═══ Information provided

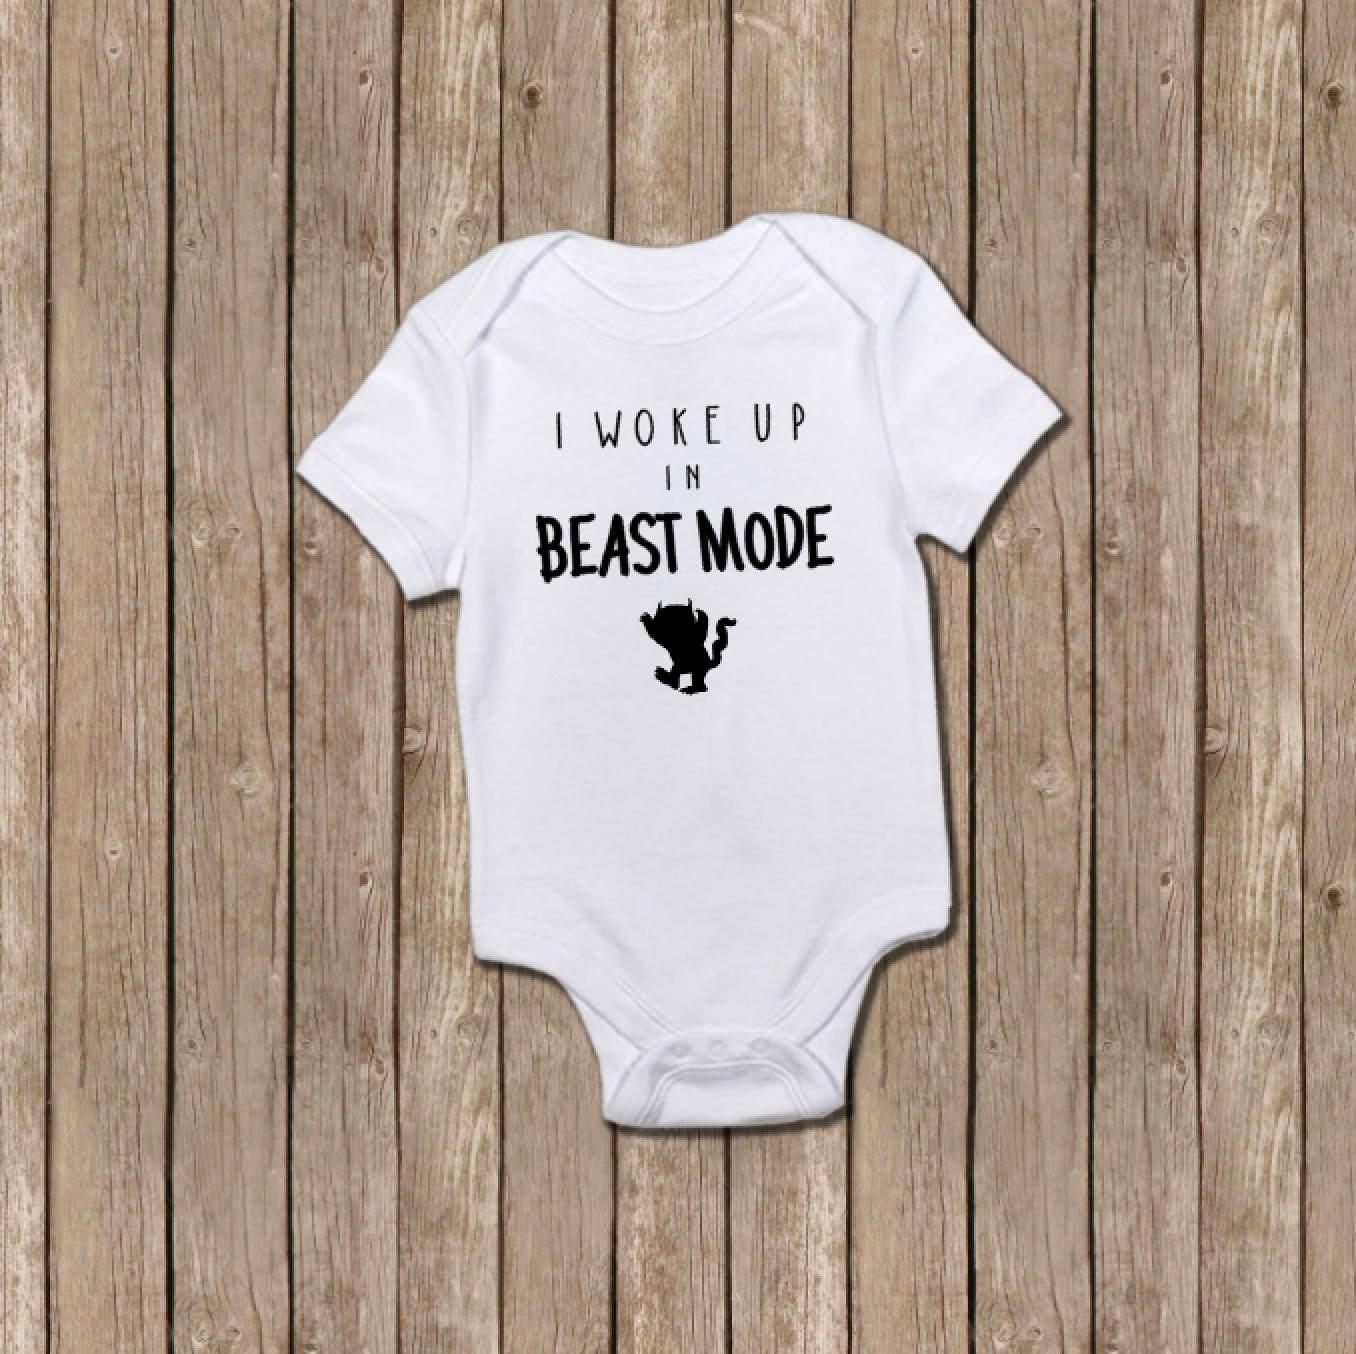 Love You in Korean Sarang Haeyo Txt Pen Baby Bodysuits Sleeveless Black6 Months
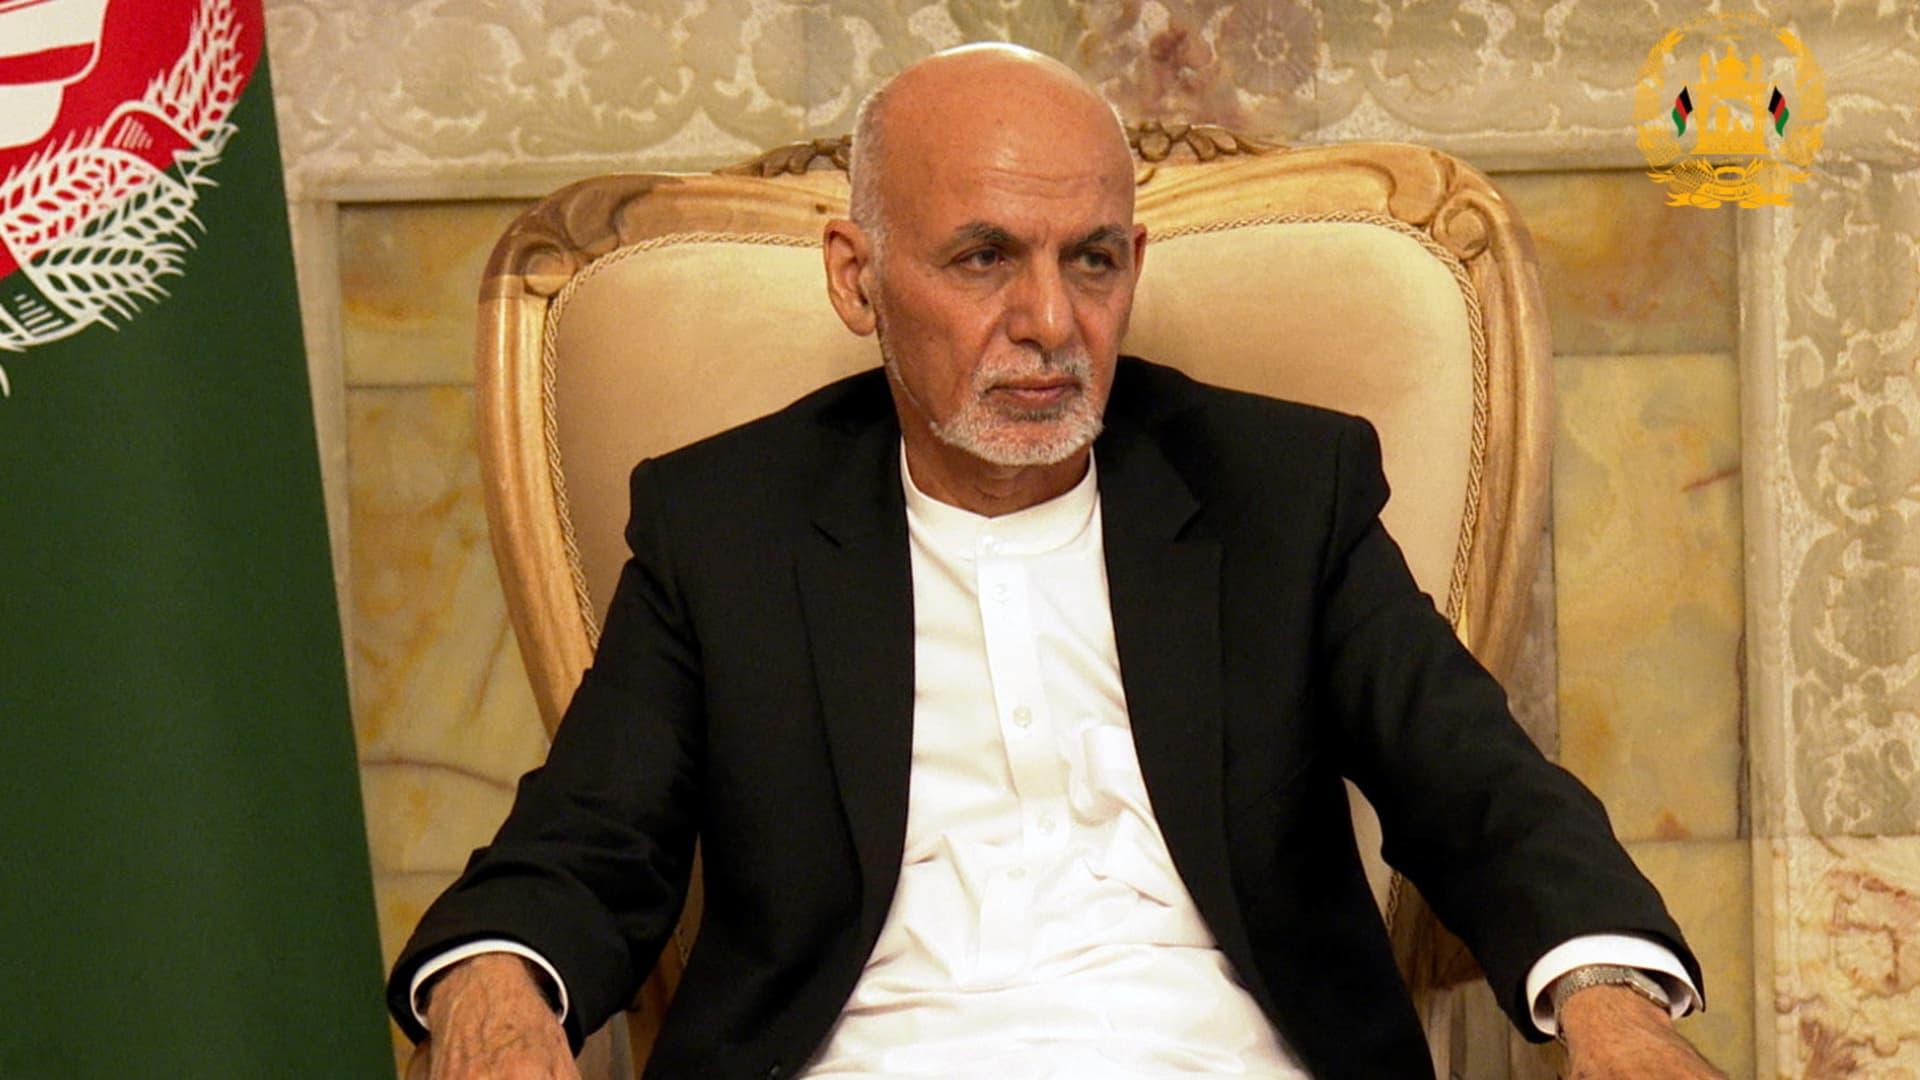 Afghanistan's President Ashraf Ghani attends a security meeting in Kabul, Afghanistan August 14, 2021.
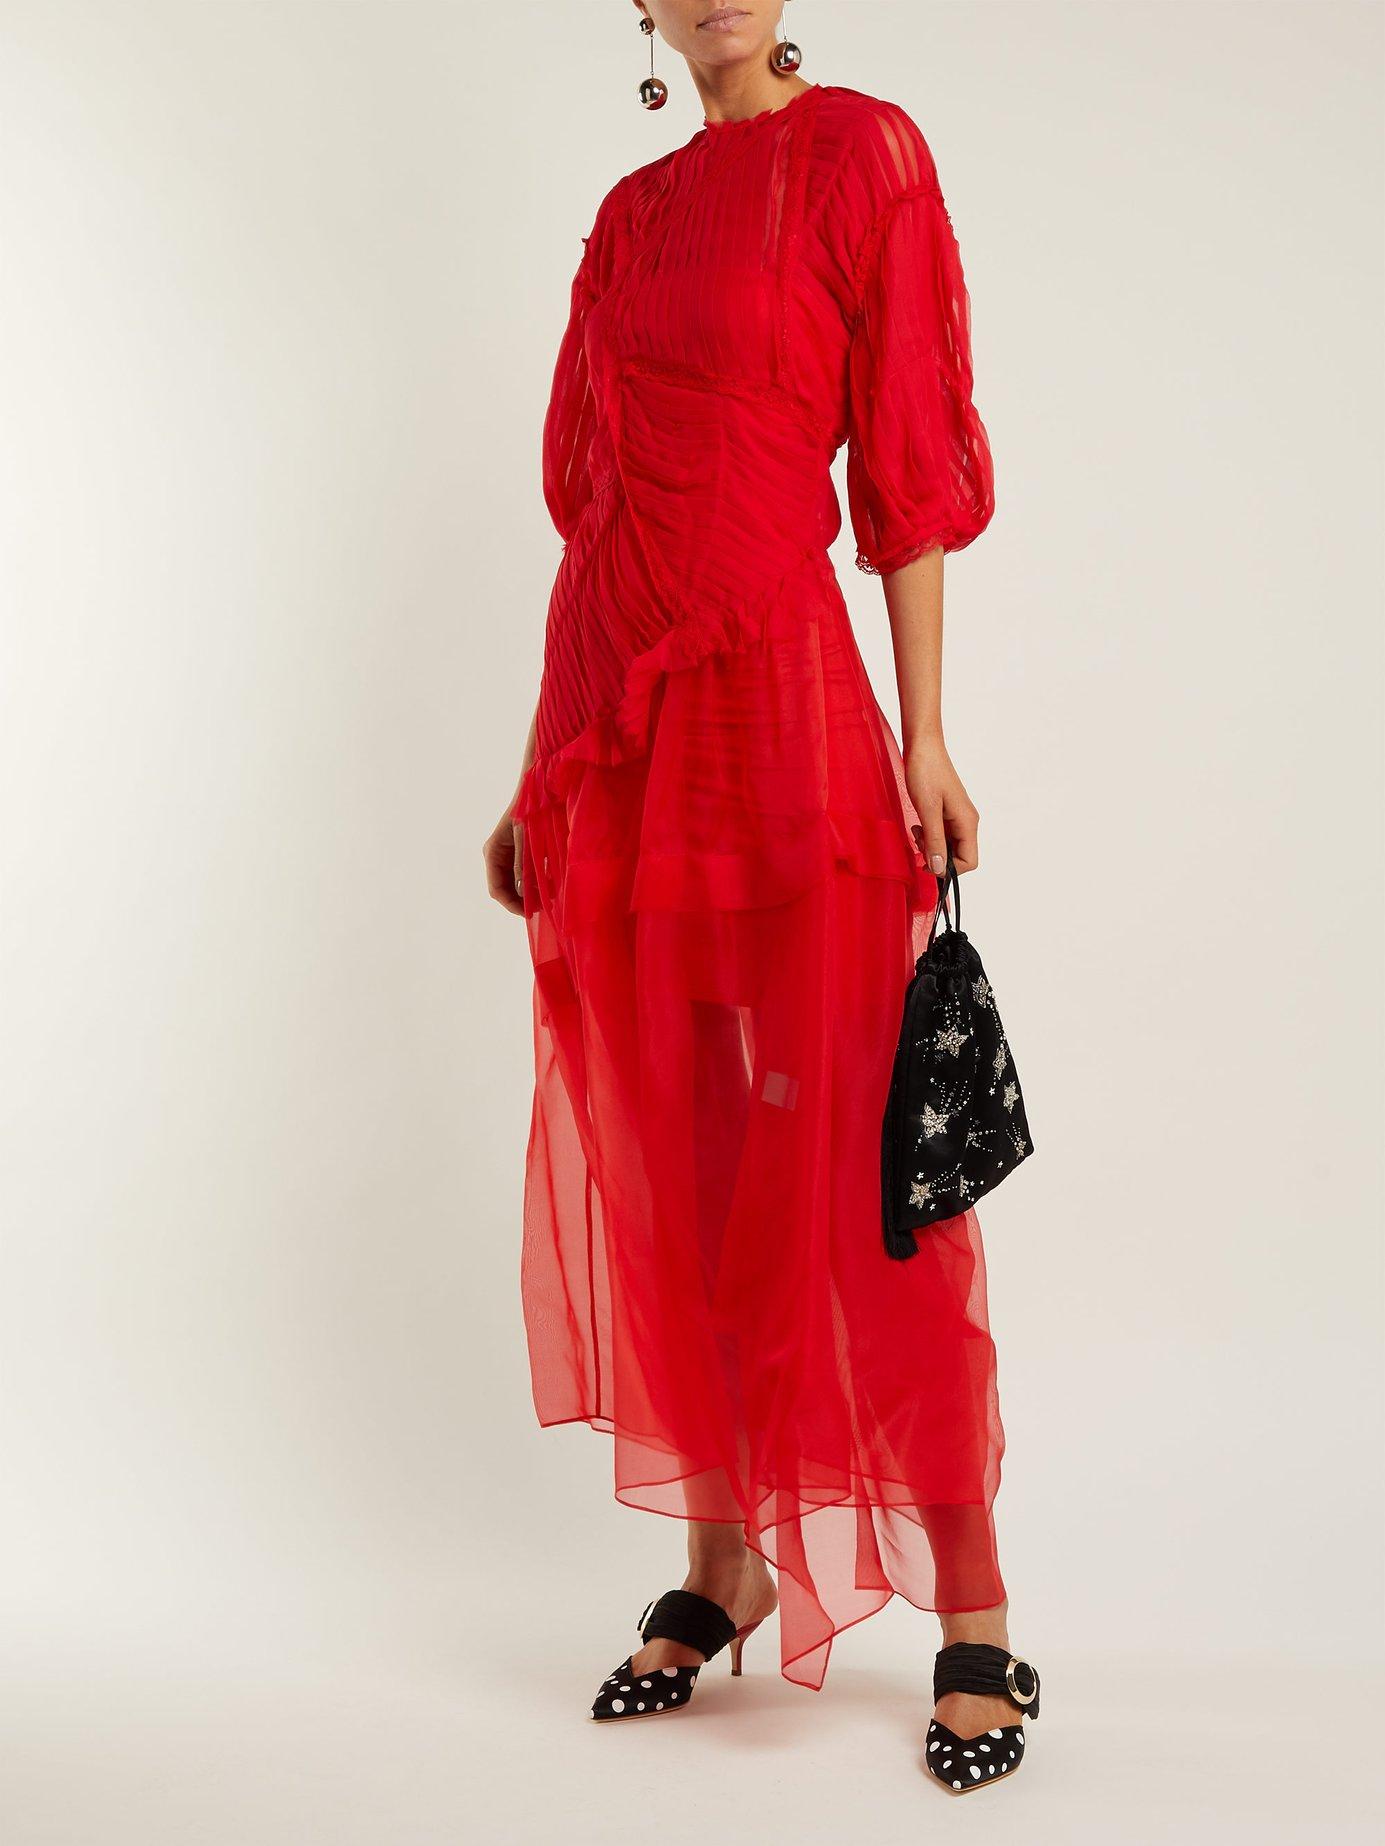 Risse pleated-panel silk dress by Preen By Thornton Bregazzi

══════

Pictures included in the data should be dropped; everything else must be repeated exactly.

 Love You in Korean Sarang Haeyo Txt Pen Baby Bodysuits Sleeveless Black6 Months
 Afghanistan's President Ashraf Ghani attends a security meeting in Kabul, Afghanistan August 14, 2021.
 Risse pleated-panel silk dress by Preen By Thornton Bregazzi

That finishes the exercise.